Segment Start: SOURCE DATA

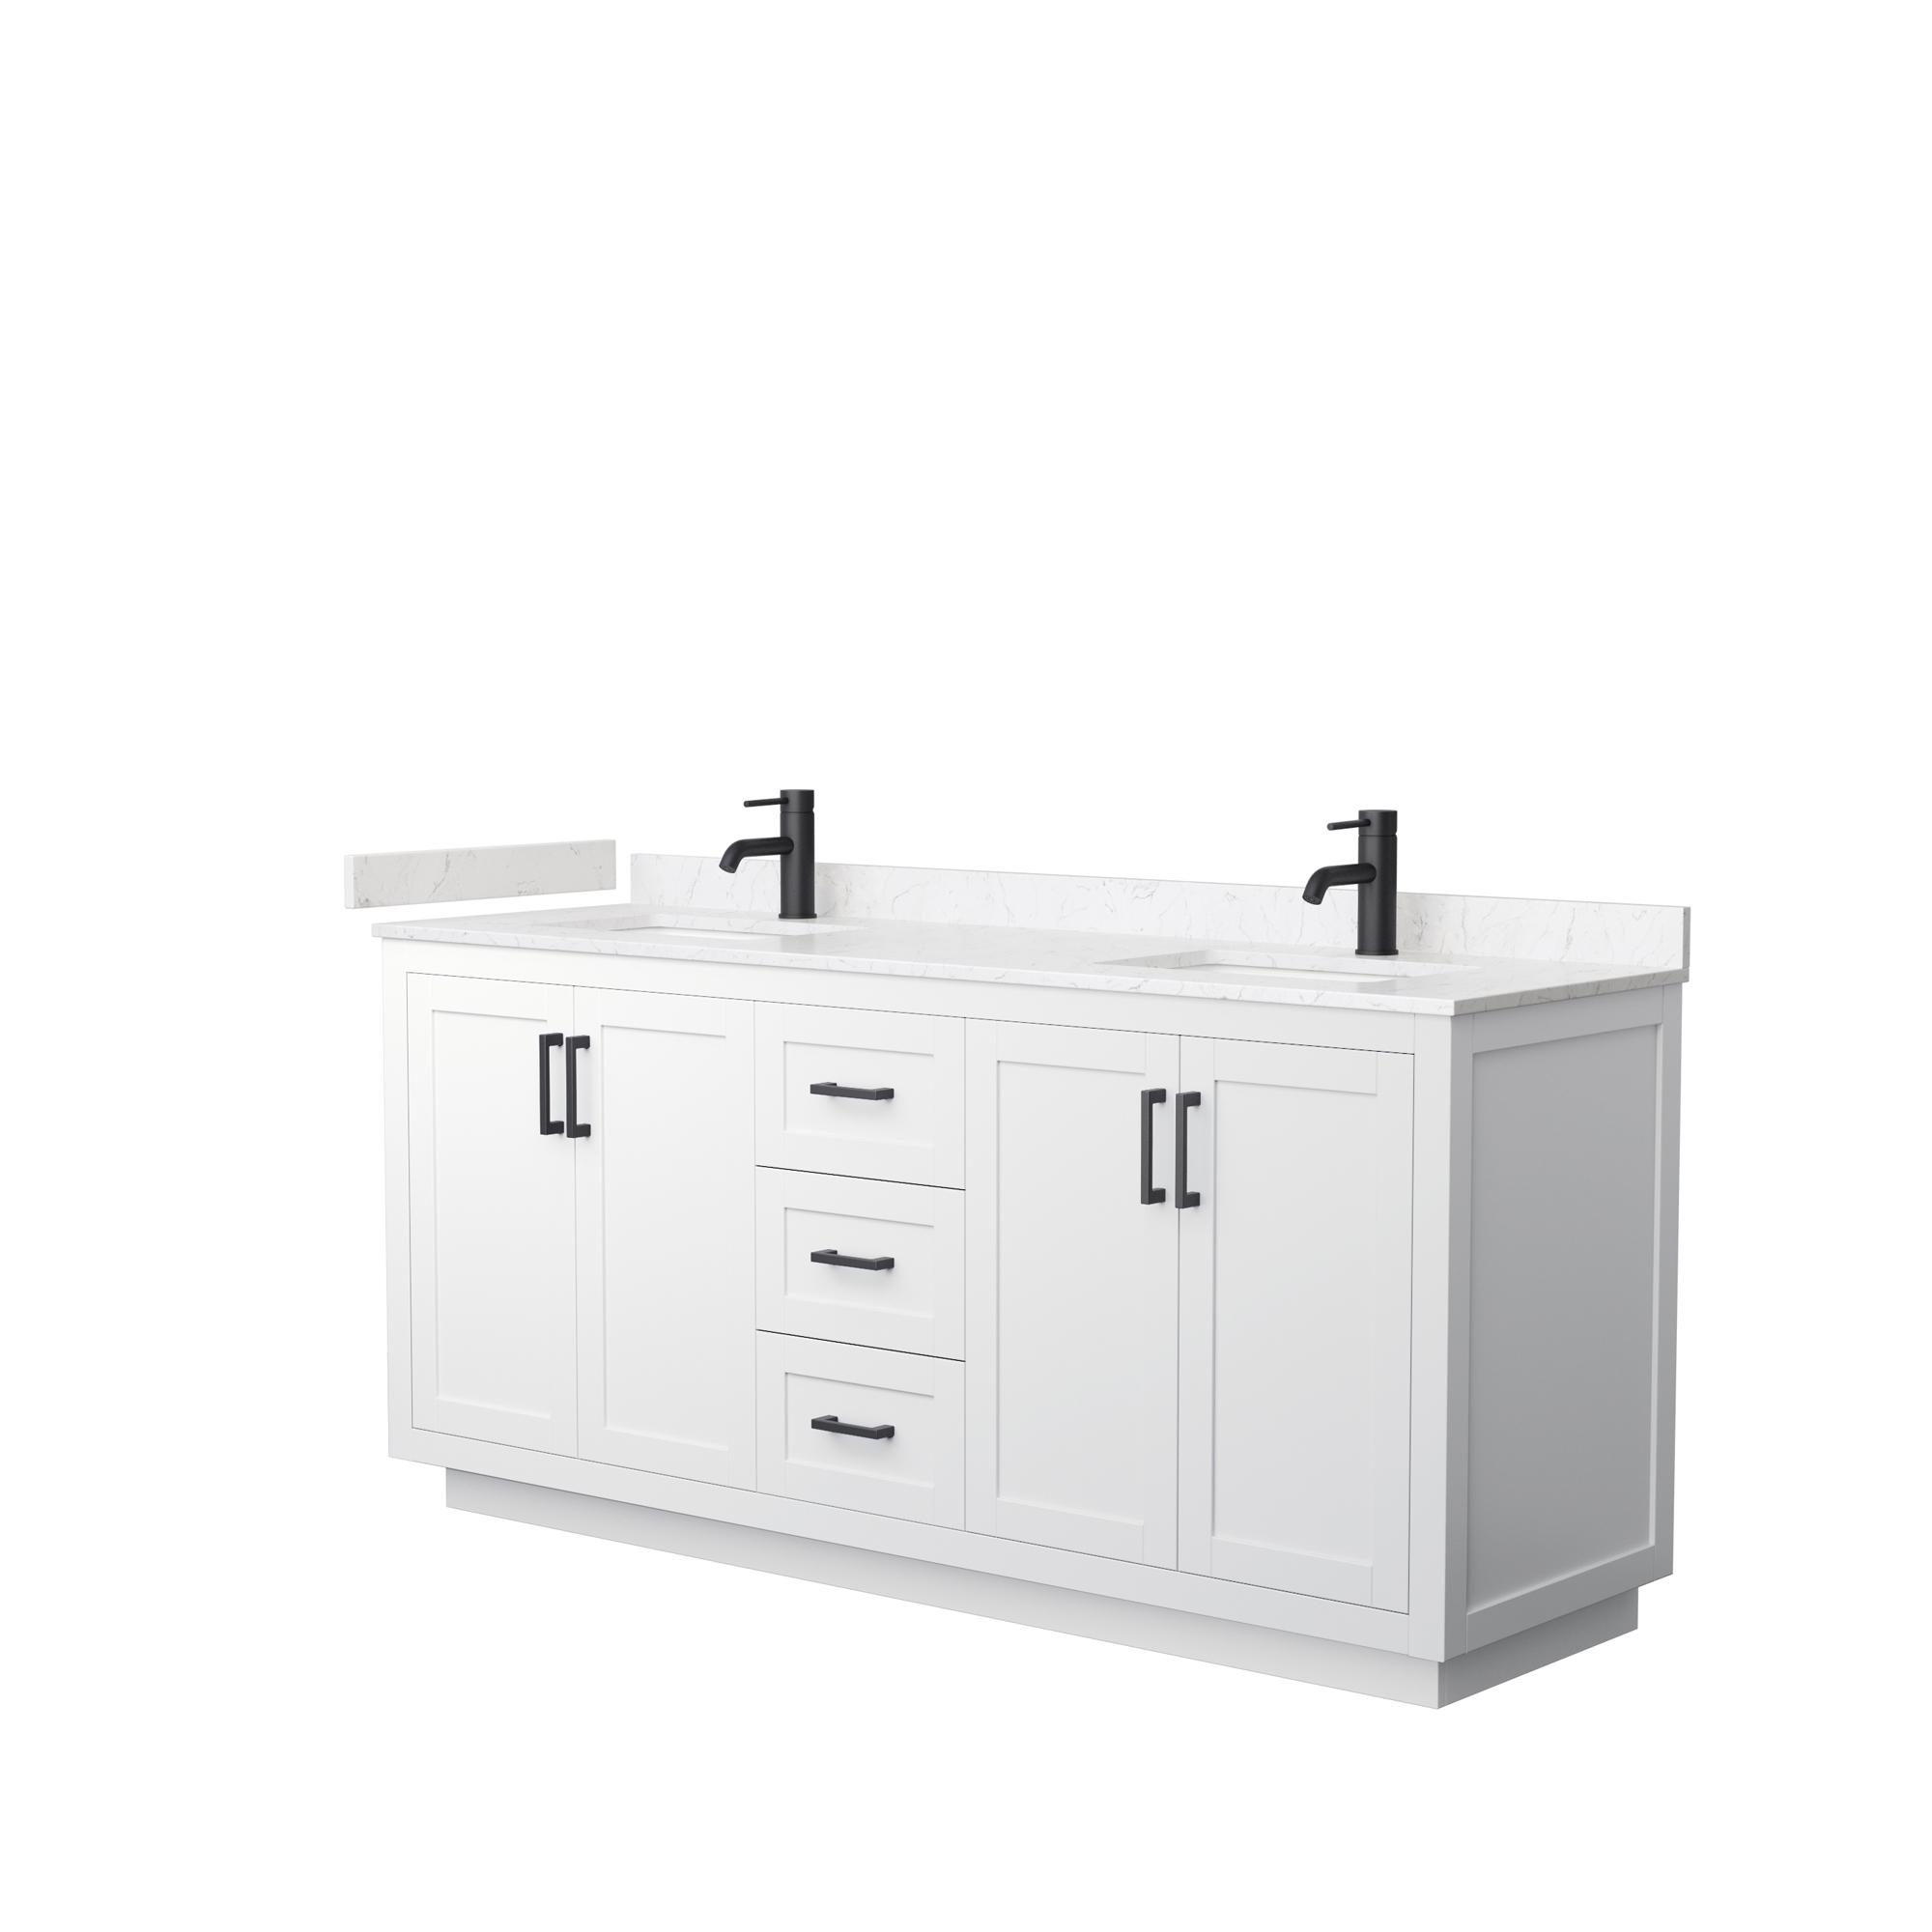 "72"" Double Bathroom Vanity in White, Light-Vein Carrara Cultured Marble Countertop, Undermount Square Sinks, Matte Black Trim"
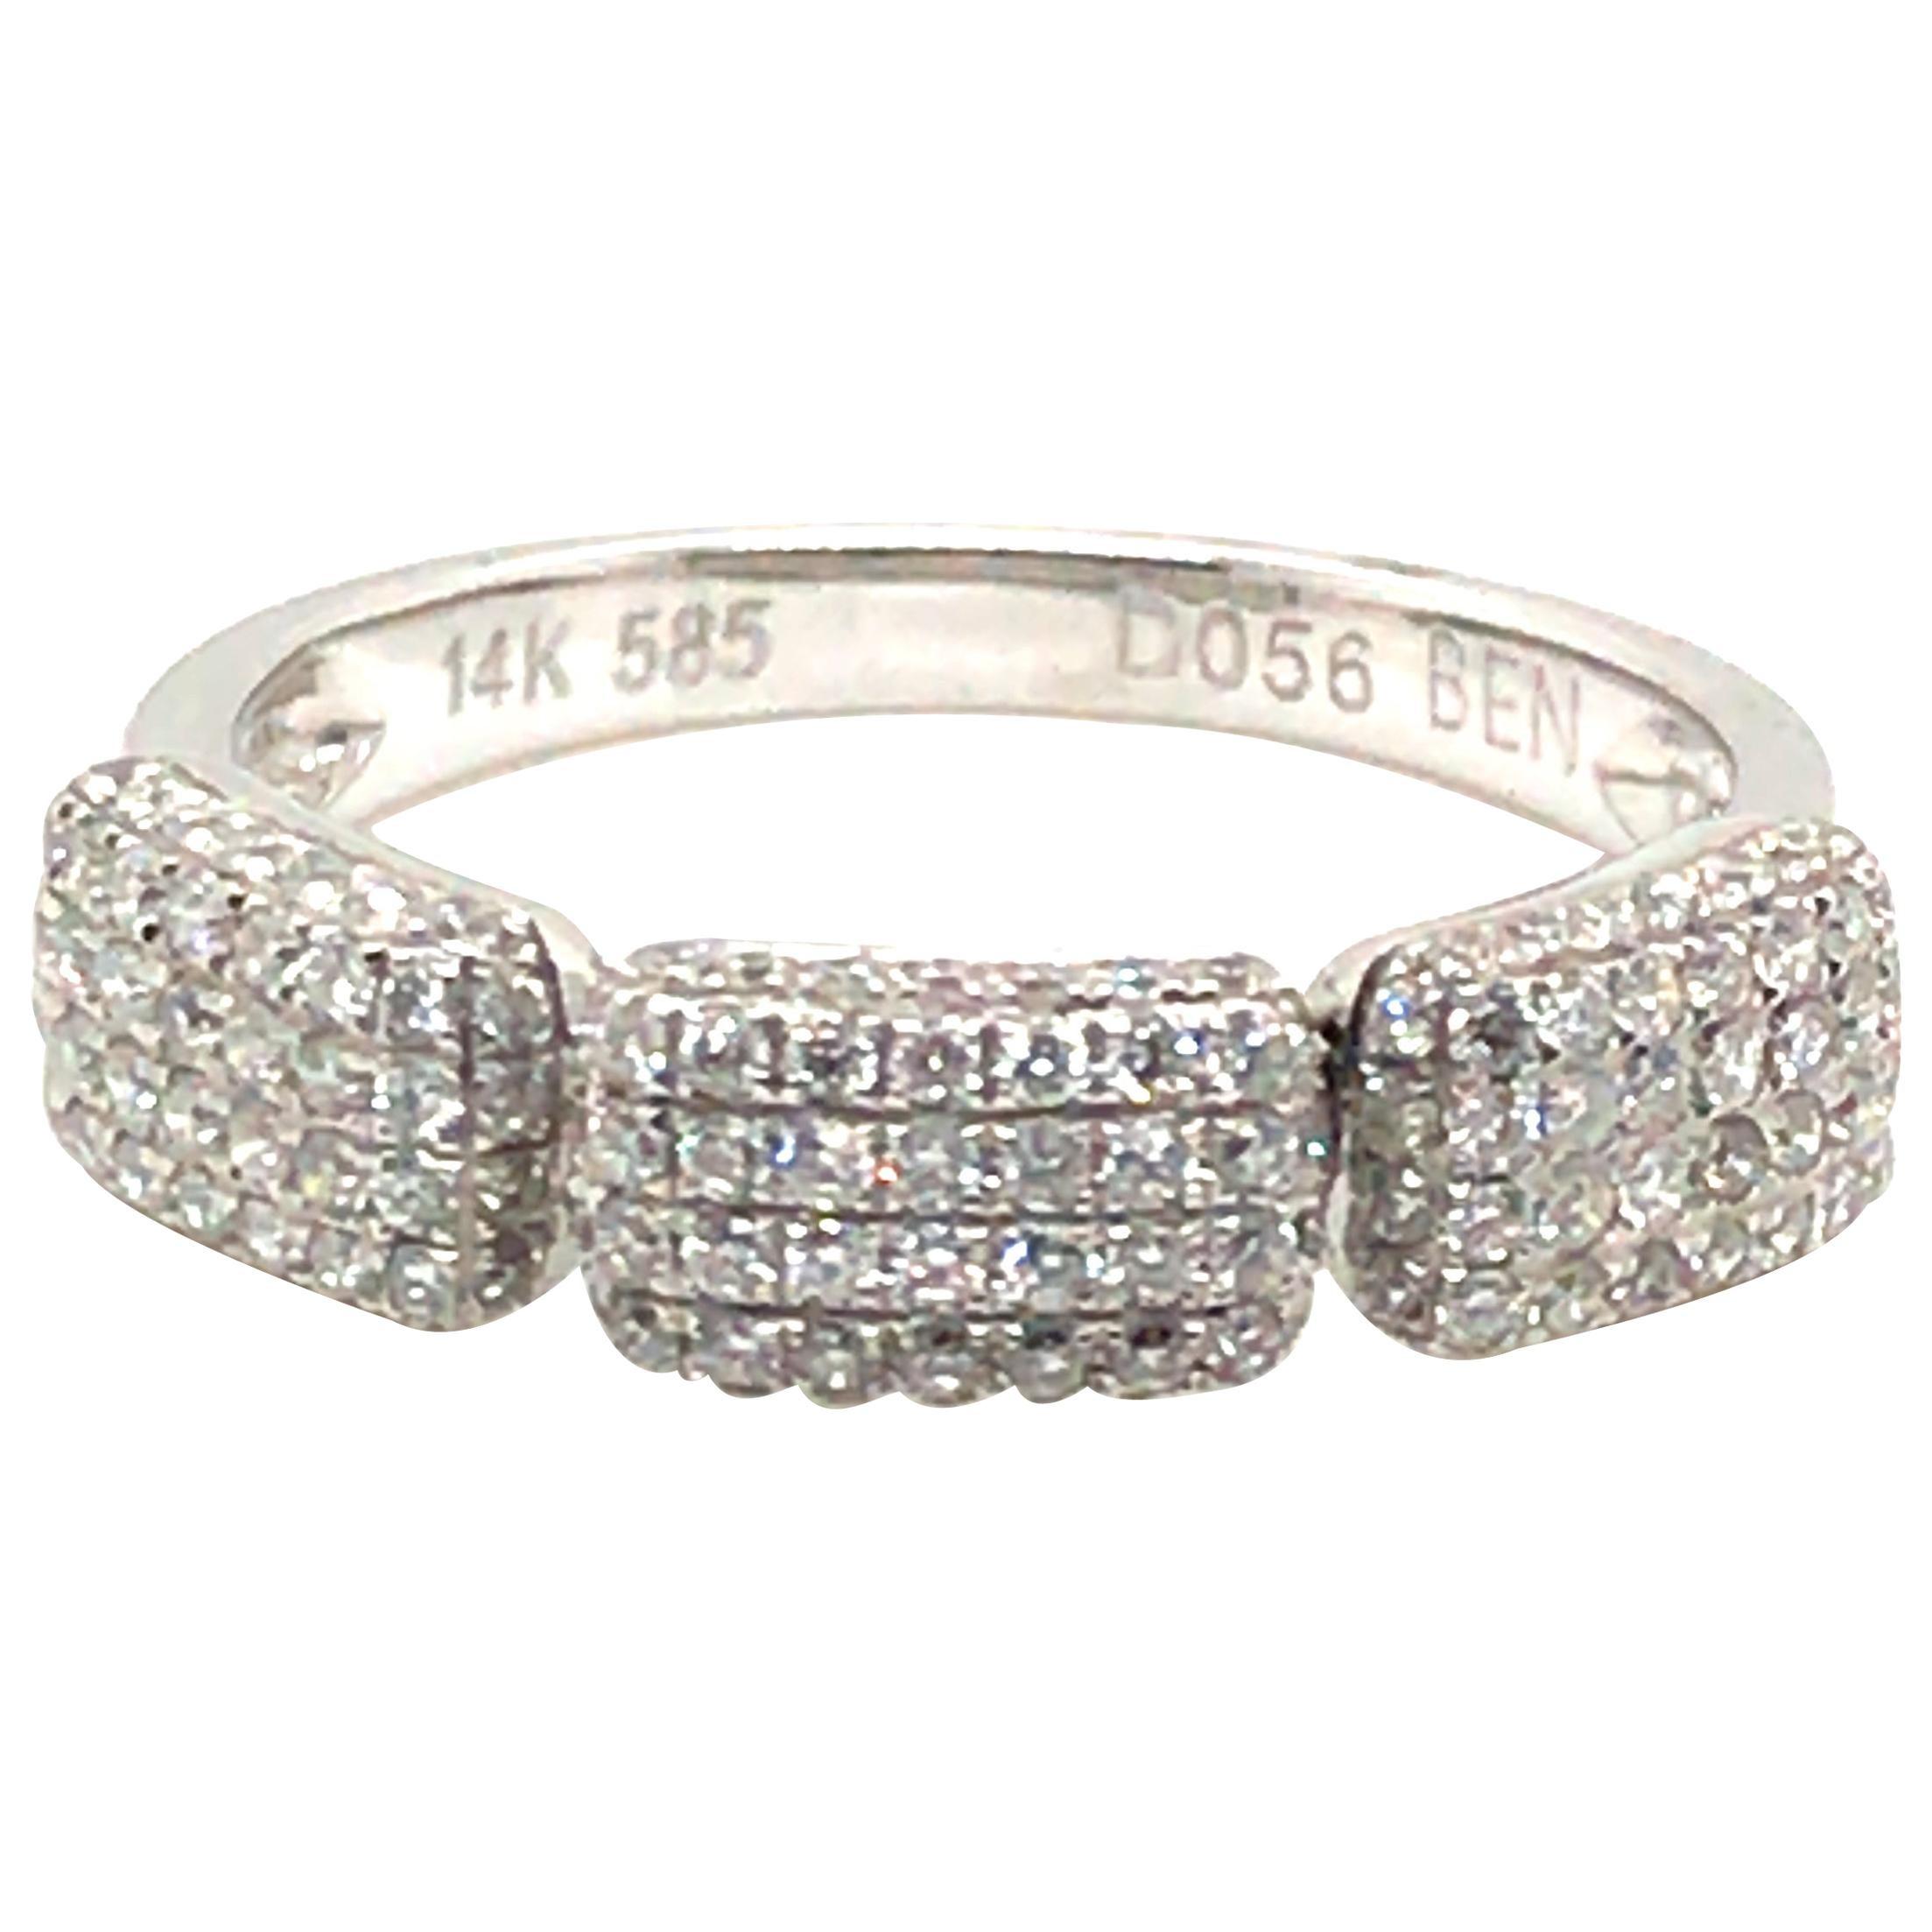 Square-Shaped Diamond Fashion Ring with 14 Karat Gold
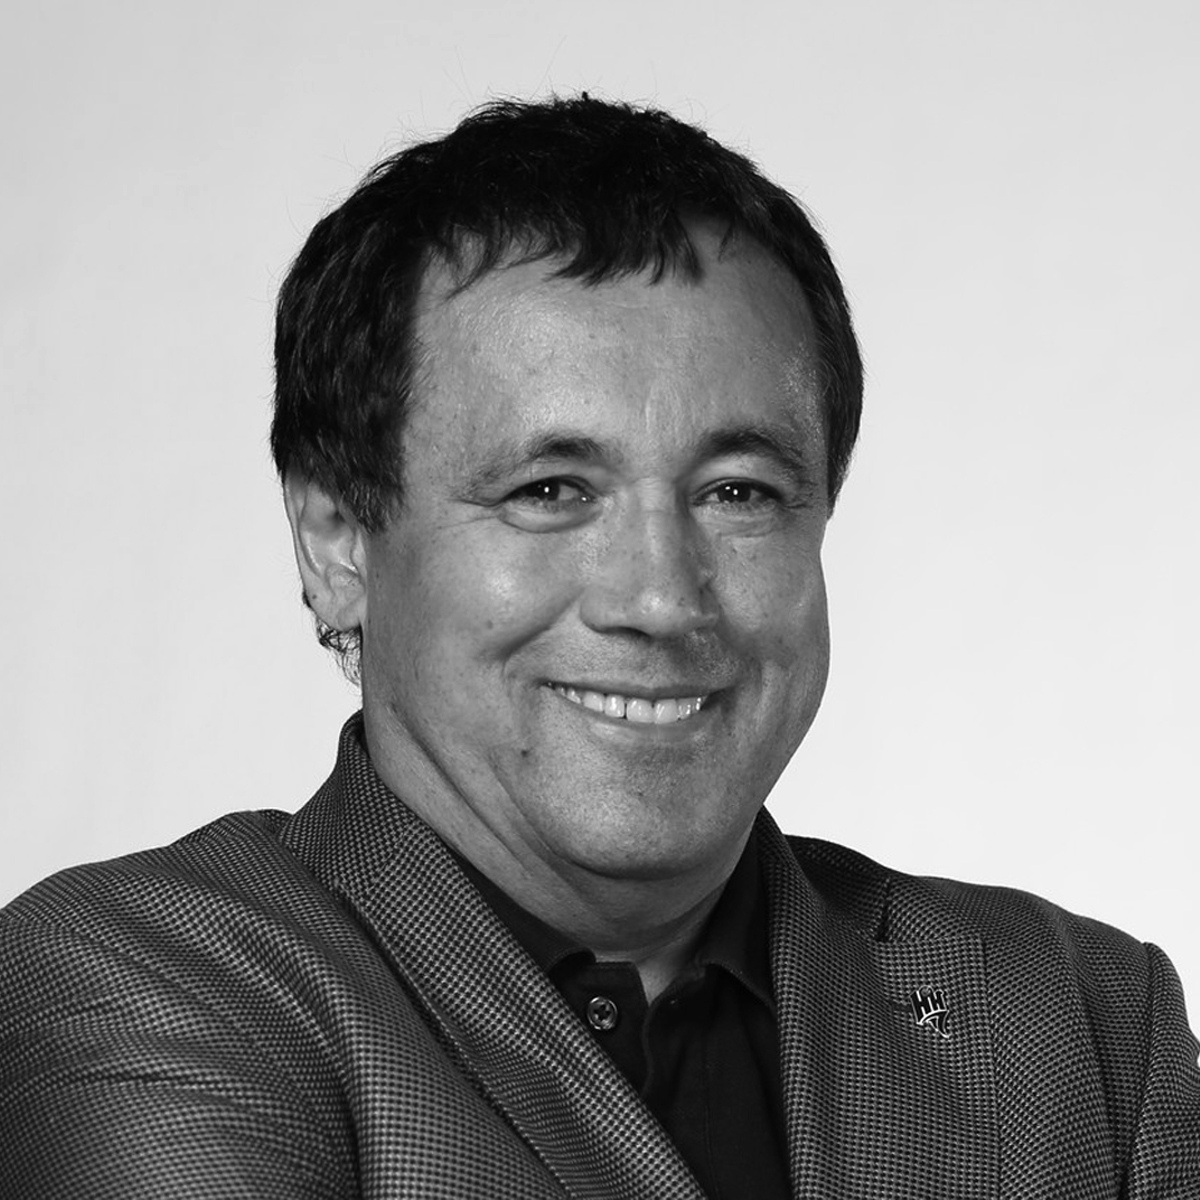 Скончался гендиректор баскетбольного клуба «Нижний Новгород» Александр Хайретдинов

Segment End: SOURCE DATA

Pictures are not part of the copy. Please reproduce the material word for word.

 "72"" Double Bathroom Vanity in White, Light-Vein Carrara Cultured Marble Countertop, Undermount Square Sinks, Matte Black Trim"
 Square-Shaped Diamond Fashion Ring with 14 Karat Gold
 Скончался гендиректор баскетбольного клуба «Нижний Новгород» Александр Хайретдинов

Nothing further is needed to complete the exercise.